— Да, мы один народ! Когда-то мы пили кумыс от одних и тех же степных кобылиц. Или вы забыли его вкус? Или вы уже не джигиты?
Хан опять выждал и набрал побольше воздуха.
— Я пришел напомнить вам об этом, Я пришел не с вами воевать, а вернуть себе престол моего деда, убитого ночью предками трусливого человека, который позорно бежал от меня. И после этого он смеет называть себя ханом?! Я победил его в честном бою и взял в плен. — Гул прошел между пленными, которые впервые услышали эту новость.
— Брешет, как пес, — раздался из их рядов чей-то тихий возглас.
Нукеры хана Кучума заволновались и кинулись было найти говорившего, но были остановлены властным поднятием руки.
— Кто сомневается, может выйти, и я отпущу его в Кашлык, чтобы он сам спросил о том у своего хана. И пусть я упаду мертвым, пусть ослепнут мои глаза, если я сказал хоть слово неправды. Клянусь Аллахом!
Гул тяжелой волной прошел меж сибирцев, которые вдруг задвигались, зашевелились, заоглядывались друг на друга.
— Когда я прогоню вашего самозванца-хана из столицы вот этой плеткой, то у нас с вами будет много работы, Много лет все улусы платили дань нам — храбрым воинам. А что теперь? Теперь с вас берут ясак в Московию! Или вы уже не воины? Или руки ваши слабы и не держат оружие?! Или вы ждете, когда бородатые попы придут сюда и оденут вам на шею, как вьючным коням колоколец, железный крест. А потом заставят весь народ сибирский работать на них. Вы этого ждете?
Неожиданно Кучум остановился и пошел сквозь расступившуюся толпу к своему шатру. Дойдя уже до него, бросил устало:
— Кто желает пойти со мной за богатой добычей туда, — махнул рукой в сторону заходящего солнца, — получит оружие обратно. А кто друг московитов, тот останется здесь, — и его рука указала на ветку могучей березы, откуда свисала внушительная петля из упругого конского волоса.
— Даю вам срок до утра. — И он вошел в шатер.
Пленные зашумели, запереговаривались и облегченно вздохнули, поняв, что им оставлен выбор…
В шатре два нукера охраняли связанного Вэли-хана.
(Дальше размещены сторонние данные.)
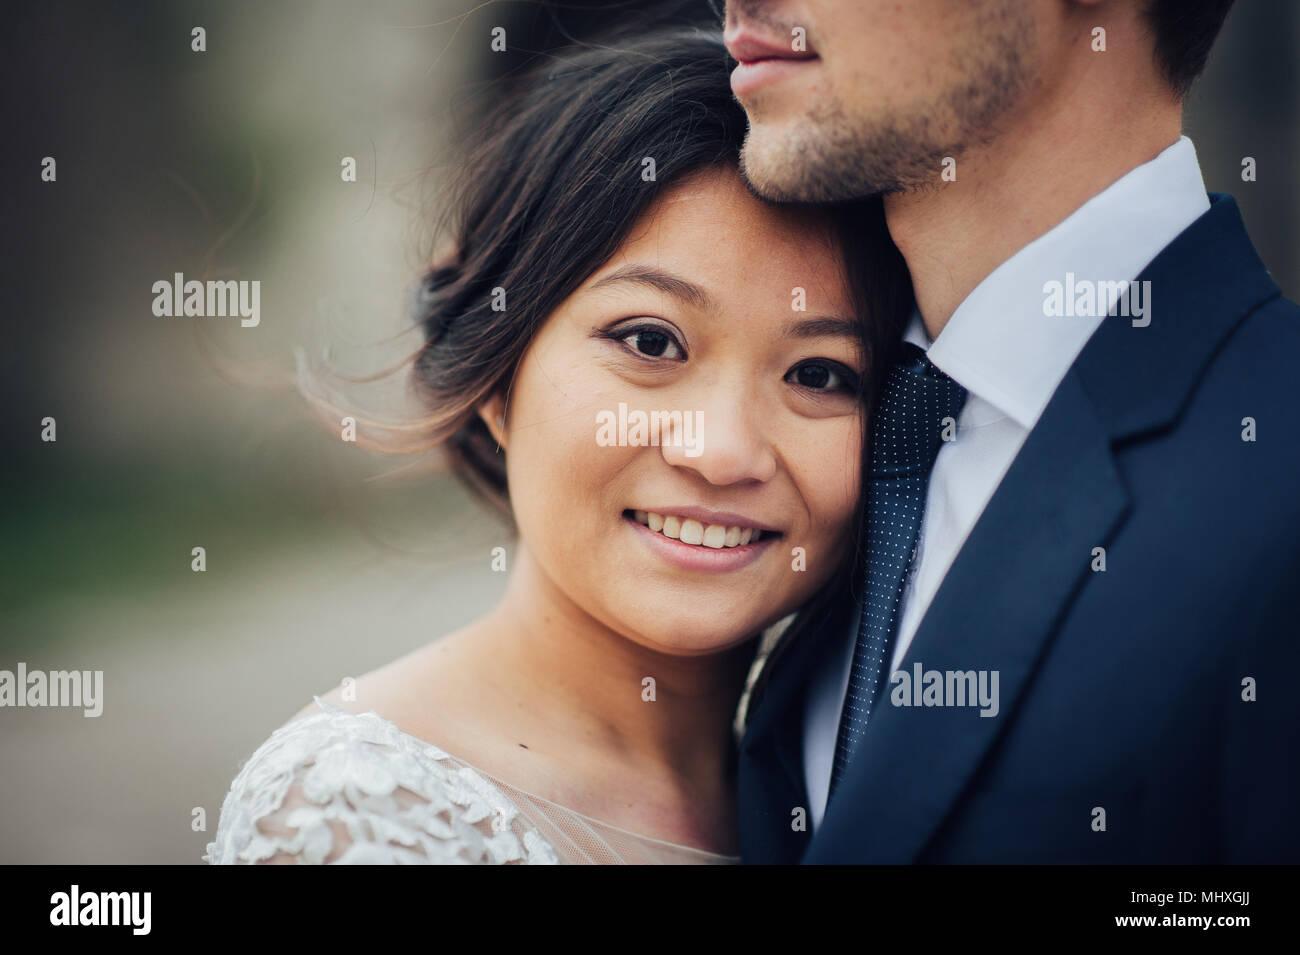 Asiatische Dating-Braut

Мешок с его головы был снят, и он угрюмо смотрел себе под ноги.
Кучум, ни слова не говоря, сел на подушки и показал жестом одному из охранников, чтобы подали холодного кумыса. Протянули пиалу и Вэли-хану, но он лишь усмехнулся, показав глазами на связанные руки.
— Извини, хан, — проговорил Кучум, которому вездесущие наушники уже донесли, кто у него в плену, — извини, но больно сильно ты руками махал, мог и пораниться. Вот, пришлось охладить тебя малость.
Он кивнул охраннику:
— Развяжи благородного хана.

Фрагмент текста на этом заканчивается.